In the absence of anything to the contrary (other than an unmotivated assumption on the part of the respondent), the Directorate cannot regard the complaint as invalid based only on the fact that Dr Steinman writes a blog where he criticises products and manufacturers that he believes are making unsubstantiated claims. He has not ex facie acted in a vexatious manner, nor has he been shown to stand to benefit from lodging this complaint. His complaint appears to comply with the procedures for lodging a consumer complaint in terms of the Code, and the Directorate therefore has to consider it accordingly.

Similarly, the respondent’s argument that the complaint ought to be dismissed based on the fact that this is the first complaint received in 15 years cannot succeed. The respondent is relying on rulings where the cause for concern was perceived offence. In such matters, public opinion, and the potential to cause sectoral, widespread, or serious offence are of importance, and the Directorate has to weigh these factors up in determining whether a single complaint received is indicative of such offence, or whether it rather represents a small, unreasonable minority.

This is not the case here, because the dispute relates solely to whether or not the respondent holds adequate substantiation for its efficacy claims. Put simply, the advertiser either has evidence for claims or it does not. The number of complaints in this context is irrelevant. It should also be noted that Clause 3.9 of Section I of the Code states that, “In determining whether an advertisement is in breach of the provisions of the Code, it is not the quantity of complaints that is determinative, but the validity of the complaints”.

Getting to the merits of the complaint, the Directorate notes that the complainant specifically identified the claims he is disputing, and provided reasons for objecting to them.

Clause 4.1 of Section II requires independent and unequivocal verification from a credible expert of any and all direct or implied efficacy claims.

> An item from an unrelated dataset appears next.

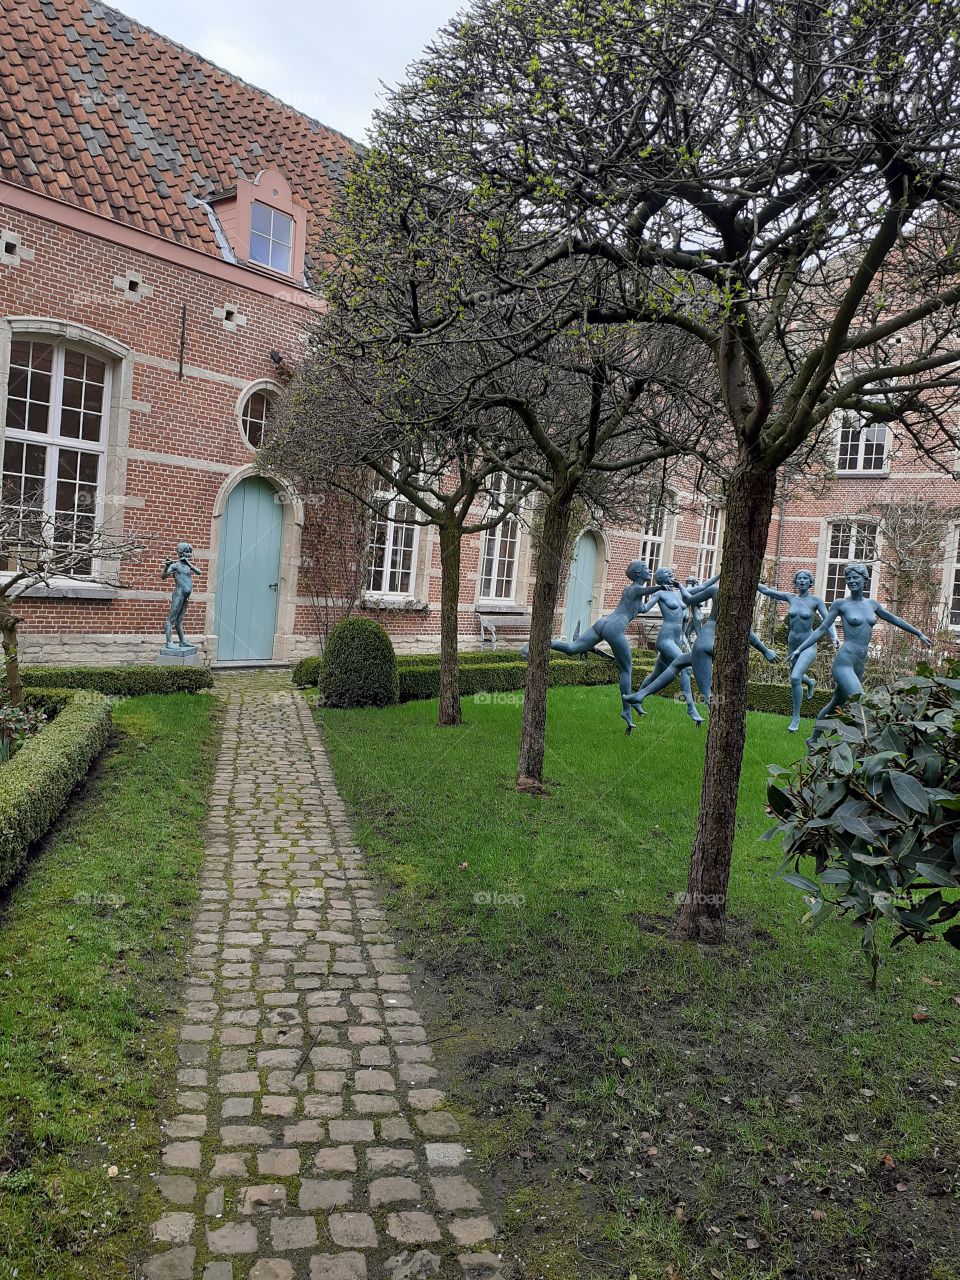 statues in a garden of an old house in Mechelen Belgium

The respondent’s advertising creates a link between its Live Blood Analysis and the ability to detect certain deficiencies or problems in one’s body. It makes claims such as “First, you need to find out what is wrong. We use Live Blood Analysis to see exactly what is happening in your body right now” and “The Live Blood Analysis involves a pin prick of blood taken from your finger and placed on a microscope. We then have a look for imbalances, deficiencies and problems in your body”.

In addition to this, a host of testimonials appear, proclaiming various successes through this treatment. The Directorate therefore agrees with the complainant that, as a whole, the advertising promotes Live Blood Analysis as a diagnostic tool that assists in detecting various medical conditions. The claims identified by the complainant are all capable of objective verification as required by the Code. The respondent has, however, not submitted any such verification.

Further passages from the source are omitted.